Nor is that the hardest thing love has to do. There come times when, because nobody is always good, and most of us are often bad, love has to face the plain fact of sin in the loved object. At such times to approve is impossible, and would be a real disloyalty. To break out into mere reproaches is futile and irritating. To do nothing is to let a seed of separation sink into the common life. Yet the situation can be met. It can be met by real love, because love can forgive. Forgiveness does not mean condoning wrong. It does not mean blindness, which is never a helpful thing. It means loving the person who has stumbled in spite of the fact, and even perhaps just because of it. It is at such times that one who has failed most needs love, and when therefore love gets a supreme chance. But if a husband or a wife has not enough love to take that chance, then marriage may fail.

And here I am not talking about exceptional cases. Whoever you are, if you marry you are going to marry a sinner—a man or a woman who will some day fall below his best self or her best self. And just because you love it will bring you acute pain. You would do well to ask yourself beforehand what you are going to do about it. And if you cannot feel that you could forgive and go on loving all the same, you would do well to think again. The whole story of some unhappy marriages is told in one sentence. There was love in them, but not enough to produce forgiveness. Yet the ultimate proof that true love is divine in origin lies just in the fact that true love can forgive.

All of which leads me on to the real reason why I write this chapter. Marriages often fail because people often fail, and people fail ultimately for one central reason—that they have not God in their lives. I have read as much modern fiction as most people. And while I have plodded through elaborately told tales of the sufferings of married people, my amazement has grown that these tales are almost without exception the stories of people who had no conscious relation to God. Their authors seem to think it a most interesting thing that such lives should go wrong, and they base upon that fact the suggestion that life is essentially a tragic and rather disappointing matter. To me nothing seems more inevitable and more entirely explicable than that on such terms life should fail, and should fail alike for the married and the unmarried. What could be more simple!

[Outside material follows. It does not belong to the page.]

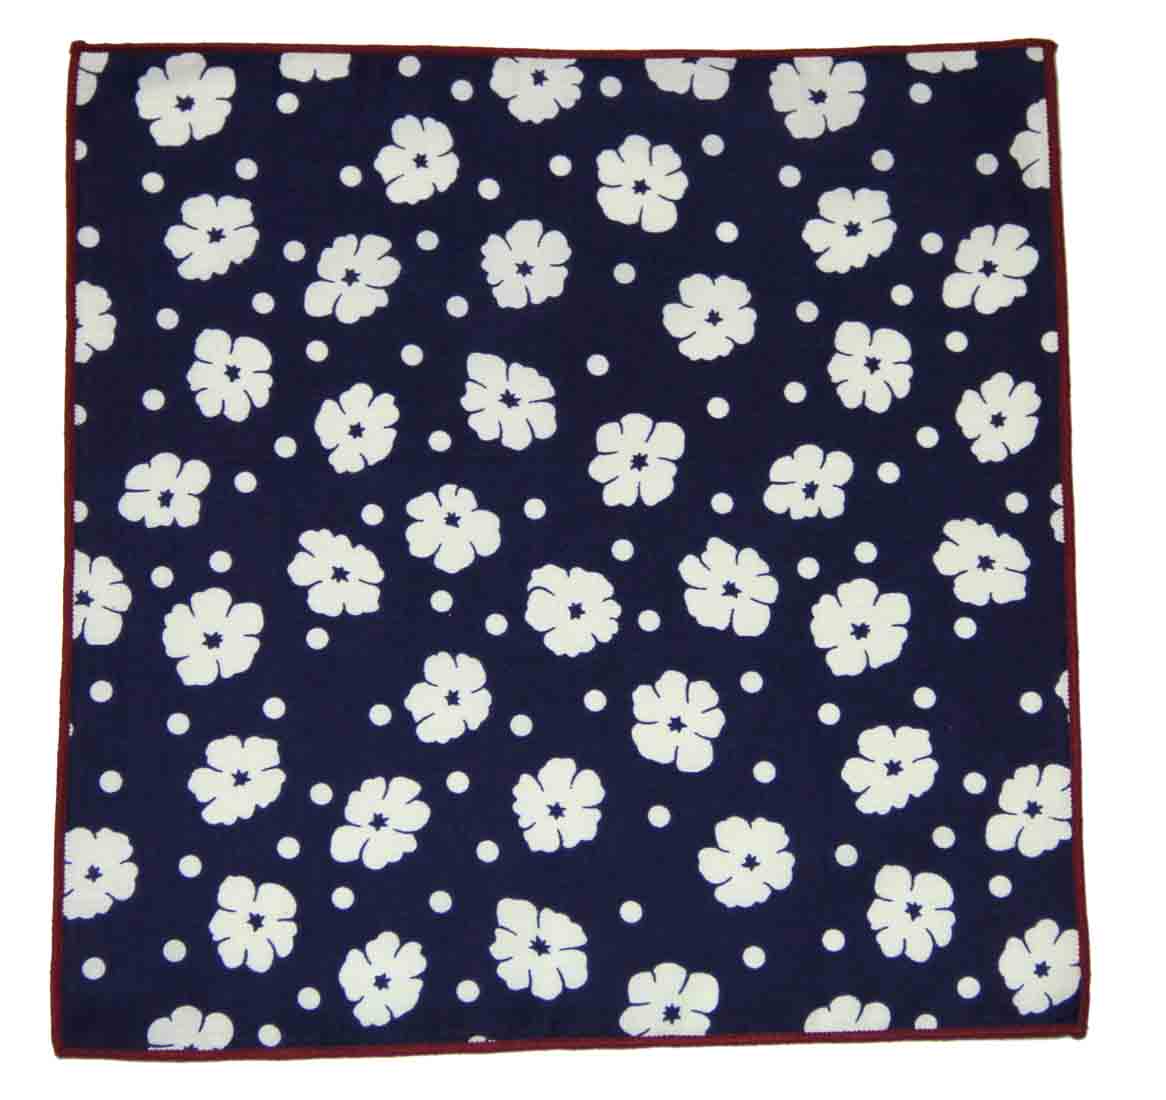 Gascoigne Pocket Square Floral Dots Navy Blue White Red Cotton Men's

The essential greatness of man lies in the fact that he is capable of fellowship with God. It is in realizing that fellowship that he truly comes to himself. In nothing less than that can he ultimately find satisfaction. The reason why all lesser experiences fail him is just that he was made for something greater still. These lesser experiences will carry him through the morning of life and past the usual time for marriage. But later on the unalterable facts about his nature begin to assert themselves. Though he does not always know it—often indeed does not know it—he begins to need his God. And till he finds God he is wrongly related to the whole universe. Though he will generally fight against it a certain sadness threatens to settle on his spirit. He will try all the old joys; and though he may pronounce them still good, a quiet voice within will pronounce them not good enough. He cannot live even on human love, and a disturbing force will begin to trouble him even when he is with the wife he has loved so well. And so marriage begins to fail.

I find the psychologists saying this with their peculiar vocabulary. They tell us that the individual has to achieve certain adaptations if he is to find his harmonious and balanced life. One of these is the adaptation to society; another is the adaptation to sex, and a third is the adaptation to the infinite. If for "adaptation to the infinite" we put the time-honored phrase "reconciliation with God," then psychologists and religious teachers will be found saying identically the same thing. And all three adaptations are necessary. Adaptation to sex alone is not enough. For those who do know God it turns out that their human fellowship based on love becomes so entirely at one with the divine fellowship, that the two almost cease to be felt as two and certainly the human fellowship is enormously enriched. But where the divine fellowship is a thing unknown a certain deep-seated weariness and loneliness will possess the man, let his human love be never so wonderful.